According to the American College of Sports Medicine--and good sense--I'm not likely to find him. As you'd expect, doctors point out that alcohol and athletics don't mix. "Alcohol affects the body's every system," they write. Then they list the usual horror show of consequences, not the least of them being myopathy, other wise known as "muscle damage, wasting, and weakness." So much for 12-ounce curls.

But some bowlers here think otherwise. "Bowlers drink. Period," says Dave Seide, a 205-average bowler for a team called the Sidekicks. Seide and his comrades are throwbacks. In a league where individuality holds sway, they wear matching polo shirts with their team logo on the back, and they sit at a table littered with empty plastic cups and well-fingered playing cards from a nudie deck. "That's Christy Canyon," Seide says when he sees me eyeing the card in front of him.

The team runs a card game based on what they bowl, he explains. The higher your bowling score, the better your cards are likely to be. This league isn't turn-back-the-clock as much as it's time-stand-still, really. Not much has changed since Connecticut banned ninepins in 1841.
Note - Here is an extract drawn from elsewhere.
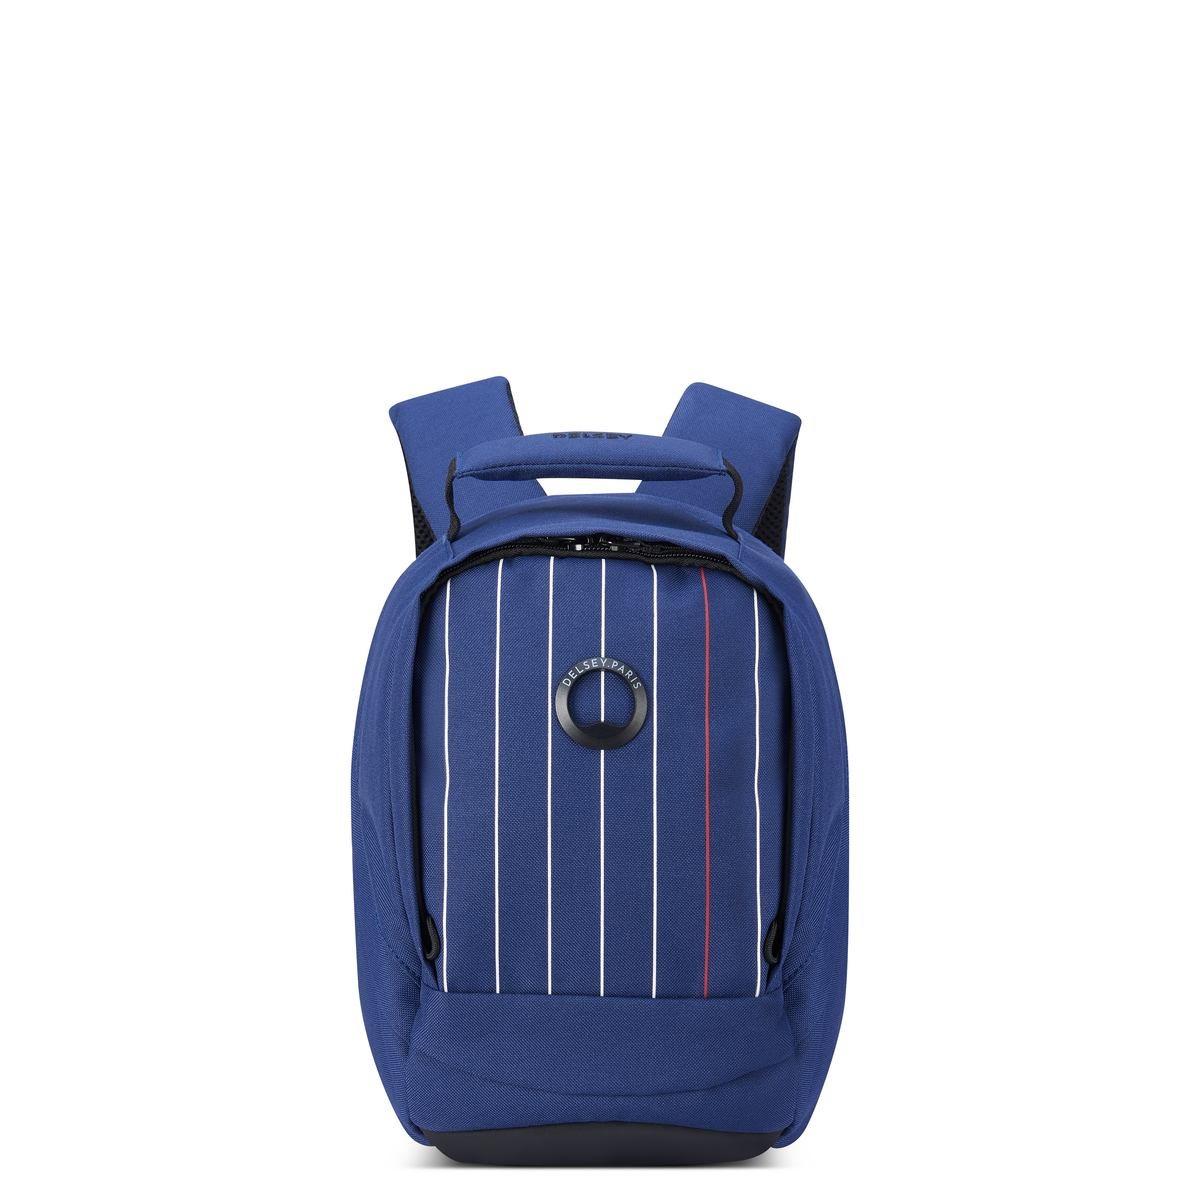 Delsey σακίδιο πλάτης 30.5x21.5x14.5cm Securban Micro Printed Blue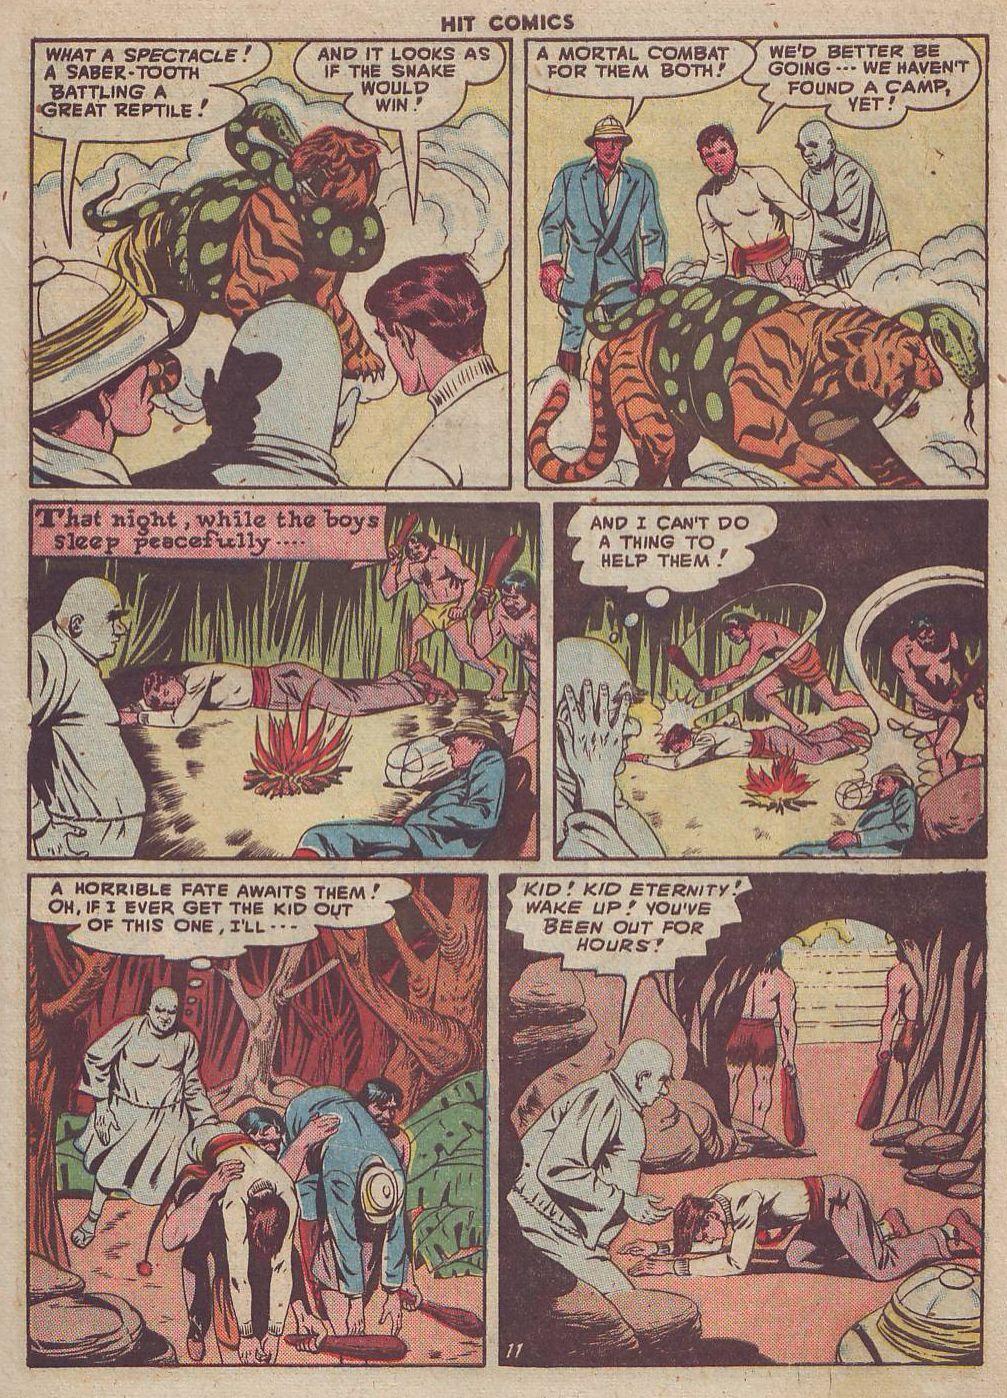 Read online Hit Comics comic -  Issue #51 - 13

Right now, however, the Sidekicks are in a slump. Though they're one of the best teams in the league, for the last two weeks they've bowled horribly. I ask them if drinking has anything to do with their decline. "Actually," a team member says, "we've been drinking less."

Perry Malen, with a 187 average, is the Sidekicks' second-best bowler and heaviest drinker, according to his teammates. He describes his drinking strategy this way: "You've got to start strong and then ease off."

Indeed, there's a consensus: Almost every bowler tells me that he has one or two drinks before play begins and then limits himself to one drink per game. Those who believe that drinking actually helps them say that their scores always go up from their first to third games. "It's just like golf," says Chanadris McKinney, who bowls for a team called the Mullets. "Whenever you find your game going a little awry, have a couple of drinks. It relaxes you. And guess what? You start having a good time--which is what you should be doing in the first place."